Thank you for the opportunity to review this very interesting work. I look forward to seeing the full results!
Reviewed by Christian Seegelke, 18 Dec 2024
The authors have sufficiently addressed all my comments and I happily recommend acceptance of this proposal.
Reviewed by Peter Wühr
, 15 Dec 2024
Evaluation round #1
DOI or URL of the report: https://osf.io/zm9dk
Version of the report: V1
Author's Reply, 29 Nov 2024
Decision by Mario Dalmaso
, posted 12 Sep 2024, validated 12 Sep 2024
Firstly, I apologise for the extended delay due to the challenge of finding three qualified and expert reviewers during this period. I want to express my sincere gratitude to the three reviewers (reviewer 3 is Peter Wühr) for their valuable comments.
All three reviewers liked the proposal and agreed that this study will provide important insights into the literature, and I agree with their assessment.
As you will see, the reviewers provided several practical suggestions. In particular, the first reviewer requested clearer hypotheses and more discussion on the MC-SNARC and PJ-SNARC correlation, raising concerns about the reliability due to the low consistency of SNARC effects. The second reviewer suggested focusing the introduction more on the study’s main goal and also commented on the proposed Bayesian analyses. The third reviewer asked for a clearer explanation of the dual-route model and proposed additional, exploratory analyses to explore whether SNARC effects change over time, particularly between tasks.
I would encourage you to resubmit the proposal by taking into account the suggestions made by the three reviewers.
Reviewed by anonymous reviewer 1, 17 Jul 2024
This pre-registered study aims to explore significant research questions with appropriate and fully reproducible methodologies. While the SNARC effect is a well-known phenomenon studied using various approaches and perspectives, some critical aspects remain underexplored. These include the exact ‘shape’ of the effect, specifically which mathematical model best captures the relationship between numerical magnitude and dRTs, and the relationship between the SNARC effect obtained through parity judgment and magnitude comparison tasks. This study aims to address these two important issues, potentially providing a valuable contribution to the literature.
The procedure for sample size determination and the analysis plan are robust, requiring no further suggestions for improvement. I would like to commend the authors for the robust and detailed description of the criteria for sample size determination and the analysis plan. This thoroughness sets a valuable example for enhancing the methodological rigor of studies in this research field. However, there are some suggestions to improve the clarity of the hypotheses definition.
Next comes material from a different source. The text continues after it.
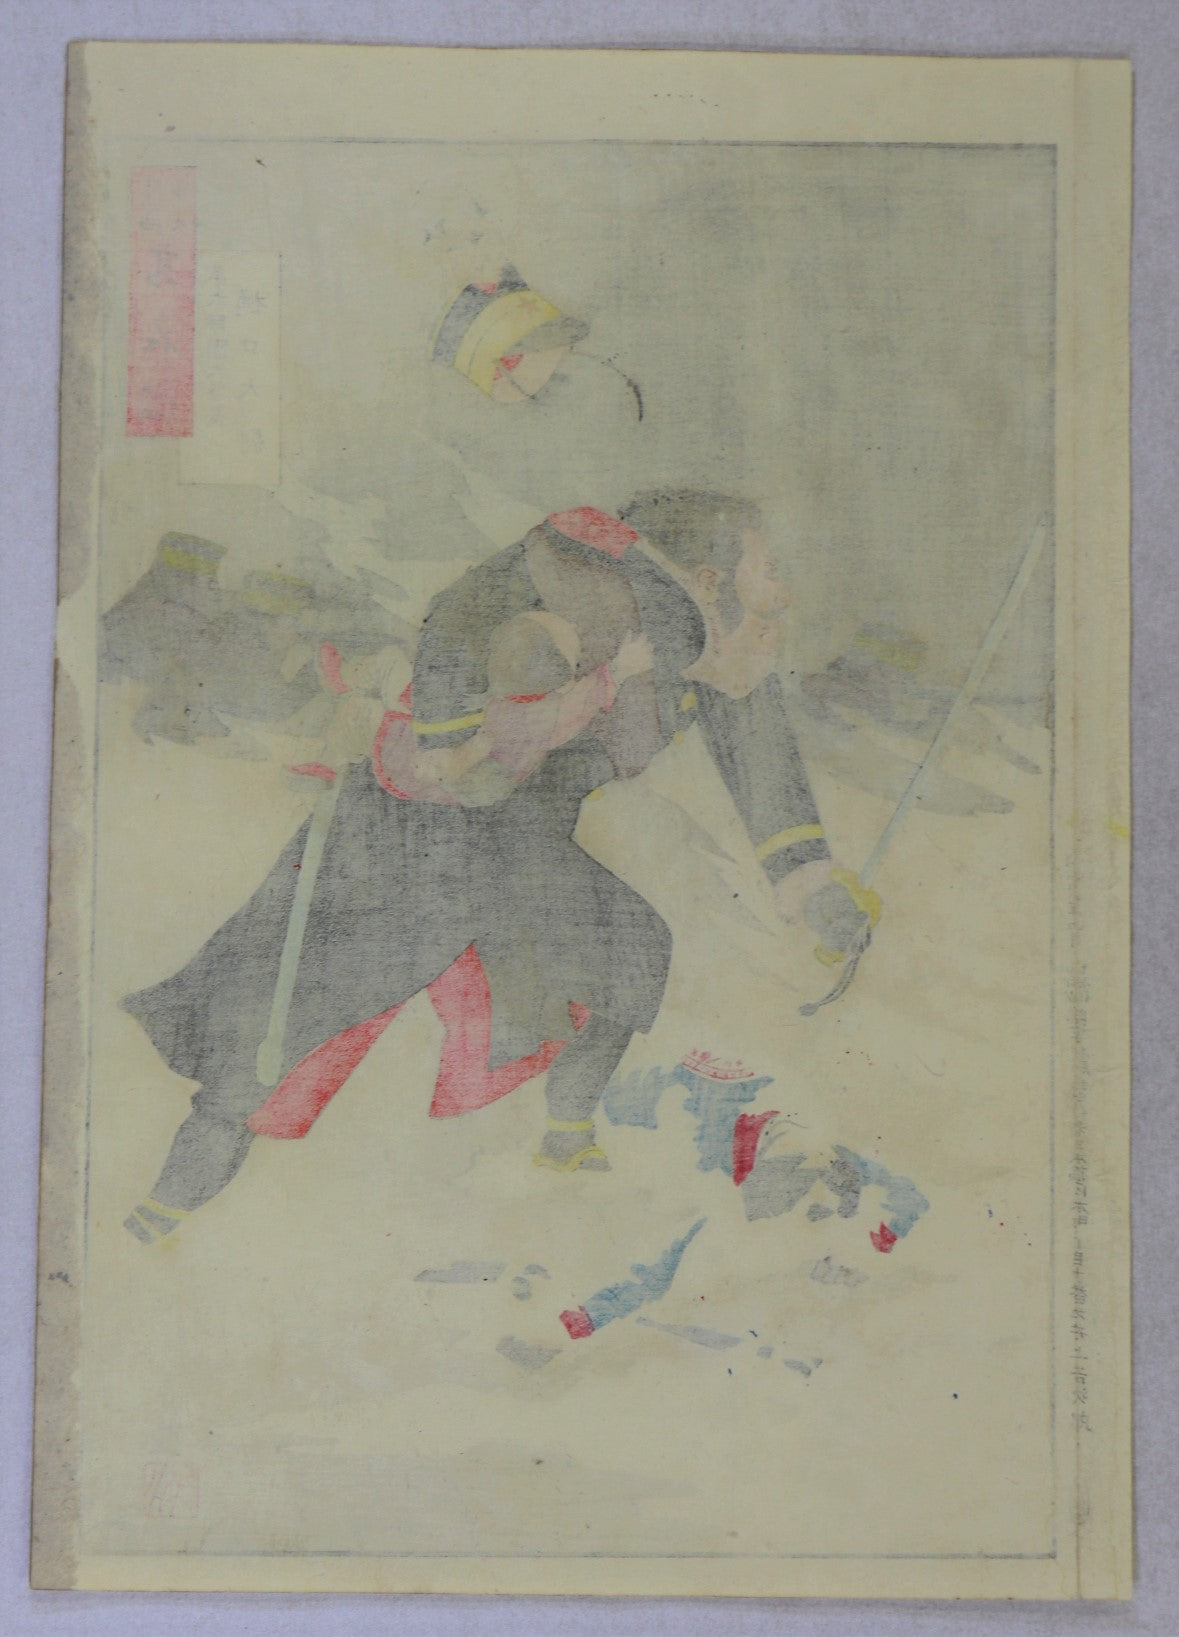 Captain Higuchi from the series "Mirror of Army and Navy Heroes "by Kiyochika / Le Capitaine Higuchi de la série "Miroir des Héros de l'Armée de Terre et de la Marine par Kiyochika (1895)

1. On page 5, a reference to the concept of ‘primitive’ is made without a specific definition. In this context, ‘primitive’ seems to imply an ‘automatically activated process.’ However, a precise definition of this concept is needed to enhance clarity.
2. On page 6, at the end of the section entitled ‘Relevance of number magnitude and parity,’ a discussion of the distance effect is notably absent.
3. I have several concerns regarding the content of the ‘Correlation between MC- and PJ-SNARC’ section:
- Before discussing any predictions about the possible correlation between the MC- and PJ-SNARC, it should be explicitly acknowledged that previous studies have shown that the test-retest reliability of the SNARC effect is quite poor for both the MC task (Hedge et al., 2018) and the PJ task (Viarouge et al., 2014). As explained by Hedge et al. (2018), this low reliability likely has nothing to do with the stability or instability of the cognitive processes underlying the overt effect (i.e., the SNARC), but rather is related to the low inter-individual variability of the effect itself. In simple terms, low inter-individual variability imposes an upper limit on the magnitude of test-retest reliability.
- The correlation between PJ- and MC-SNARC can be expected to be, at most, as large as the test-retest reliability observed for a single task. However, it seems safer to predict that it might be even smaller due to superficial differences between the tasks. In light of this, it does not seem legitimate to test different theoretical predictions based on the observed correlation coefficient. For instance, a high correlation appears implausible regardless of the correctness of the MNL theory, and a low correlation is expected regardless of whether the dual-route or the WM accounts are correct or not.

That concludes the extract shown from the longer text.